Now, we will use DecisionTreeClassifier class for modelling ->

In [62]:
from sklearn.tree import DecisionTreeClassifier

In [63]:
clf = DecisionTreeClassifier()
clf.fit(X_train_transformed, y_train)

In [64]:
y_pred = clf.predict(X_test_transformed)
y_pred

array([0, 0, 0, 1, 0, 0, 1, 1, 1, 1, 0, 0, 0, 1, 1, 0, 0, 0, 0, 1, 0, 0,
       0, 1, 0, 1, 0, 1, 1, 0, 0, 1, 0, 0, 0, 0, 0, 0, 0, 0, 0, 0, 0, 0,
       1, 0, 0, 1, 0, 0, 0, 0, 1, 0, 0, 0, 0, 0, 0, 0, 1, 1, 1, 0, 1, 0,
       1, 0, 0, 1, 1, 0, 1, 0, 0, 0, 1, 0, 0, 1, 0, 1, 1, 0, 0, 1, 1, 1,
       1, 0, 0, 0, 1, 1, 0, 0, 1, 0, 0, 0, 0, 0, 0, 1, 0, 1, 1, 0, 0, 1,
       0, 1, 1, 0, 1, 1, 0, 1, 0, 1, 0, 1, 0, 0, 0, 0, 0, 0, 0, 0, 1, 0,
       0, 0, 0, 0, 0, 1, 0, 0, 0, 1, 0, 0, 1, 0, 0, 0, 1, 1, 0, 0, 1, 1,
       0, 0, 0, 0, 1, 1, 0, 1, 1, 0, 0, 0, 0, 1, 0, 0, 0, 1, 0, 0, 1, 0,
       1, 0, 1])

This output basically shows that for every row in the input test data i.e. for 179 inputs we got 179 predictions which are either 0 (not-survived) or 1(survived)

In [65]:
y_pred.shape

(179,)

Let's find the accuracy of this against the actual test outputs (y_test) ->

In [66]:
from sklearn.metrics import accuracy_score
accuracy_score(y_test, y_pred)

0.776536312849162

Now, we need to create the model file so that we can use this model anywhere we want such as a website where users can simply input the data in the website such as Age, Sex, etc. and the model we created will predict for this new data whether this person will survive in the titanic or not

In [67]:
import pickle

In [69]:
pickle.dump(ohe,open('models/ohe_sex.pkl','wb'))
pickle.dump(ohe_embarked,open('models/ohe_embarked.pkl','wb'))
pickle.dump(clf,open('models/clf.pkl','wb'))

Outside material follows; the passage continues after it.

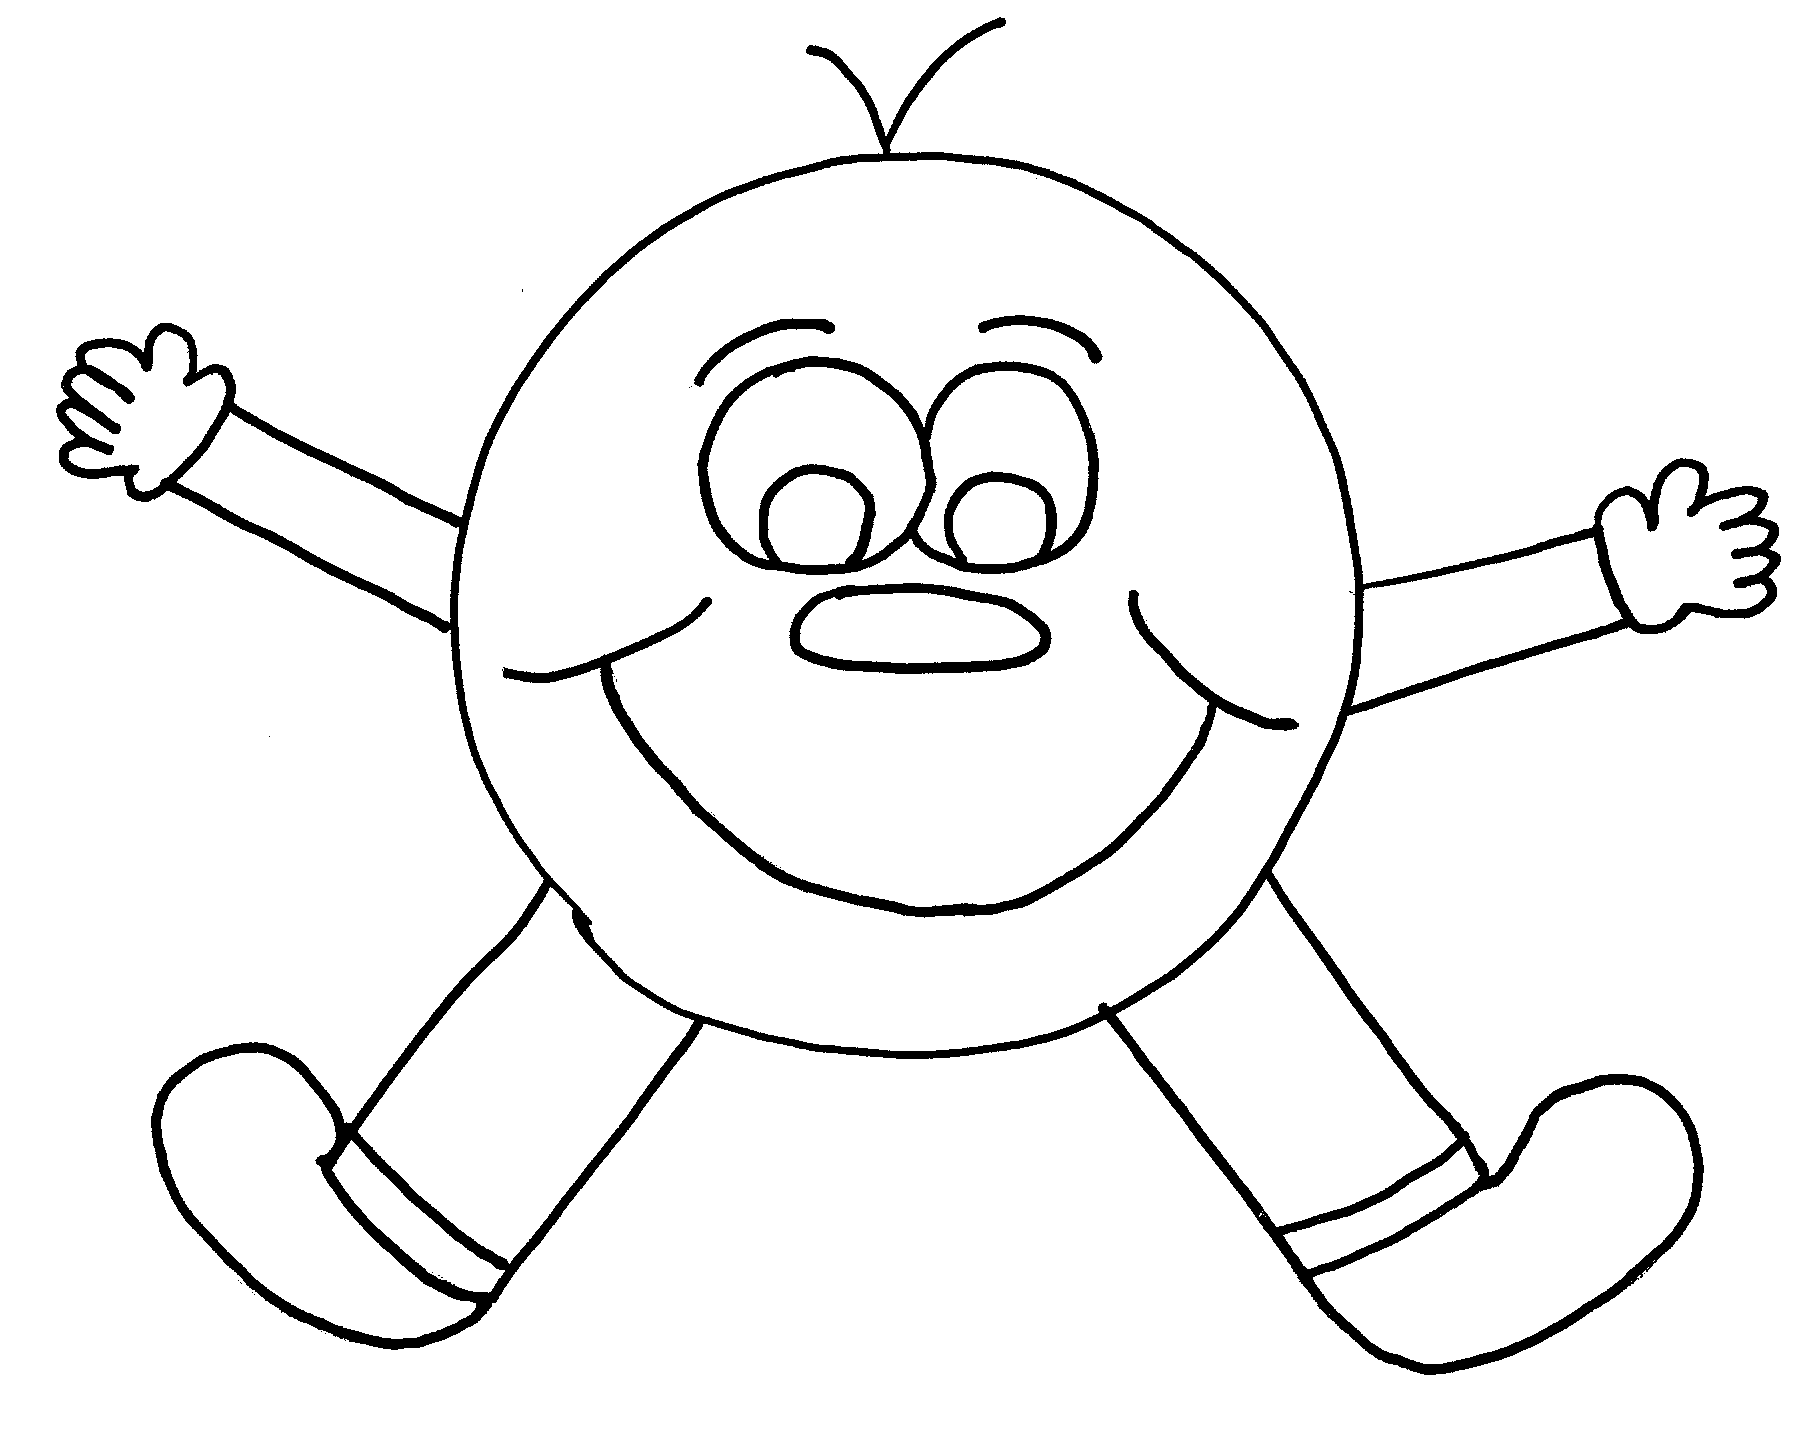 Free Printable Smiley Face Coloring Pages For Kids

Why did we export 3 separate models above and not just the DecisionTreeClassifier model that we created?

- Inputs from some frontend from a user for the columns like Sex and Embarked will be in string and they will definitely be required to be OHE for our created clf to perform its prediction. So, these models are also required to be exported so that we can use them as well for OHE purpose before actually giving the test data to clf.